I’m feeling quite nervous this afternoon. The House of Lords is debating an amendment which would give EU nationals who have made their homes here the right to stay. The Government is expected to be defeated and I hope very much that this will be the case and that we won’t have the disgraceful scenes we saw on Monday when the so called opposition were whipped to reject an amendment on the single market.

For me, this is something very personal – and also a bit selfish. Like virtually everyone else, I have friends who are EU nationals. They live here. This is their home. I don’t want to see them used as bargaining chips. My neighbours are from Poland. I don’t want them to have any worries about whether they will be forced to uproot their lives and disrupt their daughter’s education.
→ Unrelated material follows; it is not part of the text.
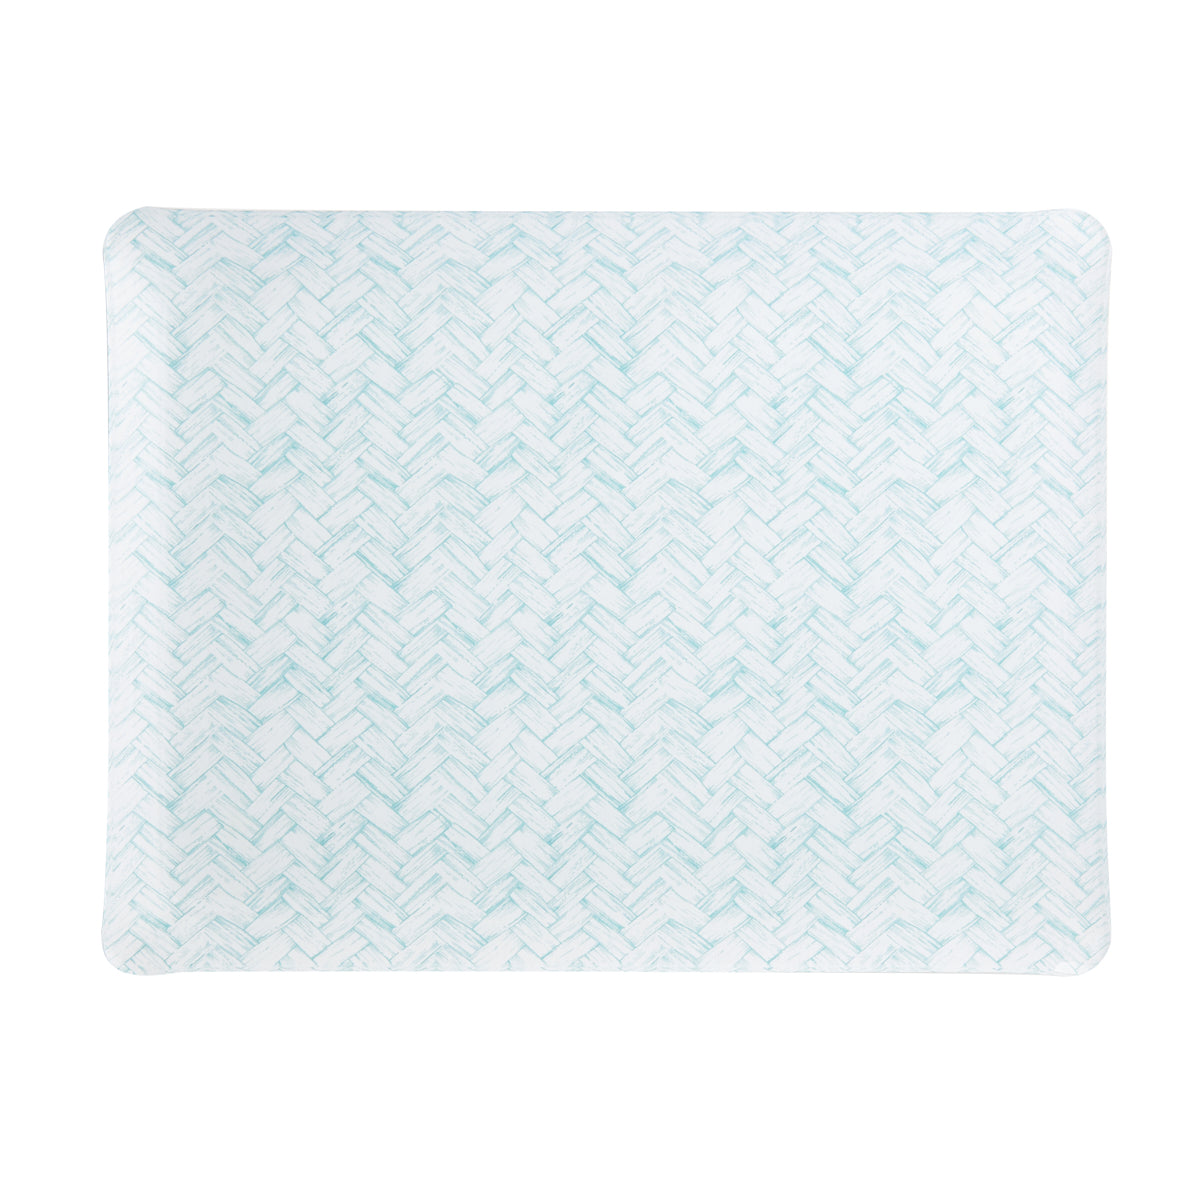 Fabric Tray Medium 37x28 - Aqua Basketweave

Those things are important, but as many of you will know, my husband was seriously ill at the end of last year. He is making a good recovery thanks to the excellent specialist medical care he received. The surgeon who saved his life and who sped back into the hospital at dead of night when there was a problem to operate again is Italian. He’s the same surgeon, actually, who saved the life of Nicola Sturgeon’s father-in-law. His registrar is from Greece. The nurse who looked after him in ITU so skilfully was also Italian. I want them to have the right to live here unimpeded for two reasons. First of all, it’s the right thing to do. Secondly, I don’t want to lose their skills which make Edinburgh one of the best places for cardio-thoracic surgery in the UK.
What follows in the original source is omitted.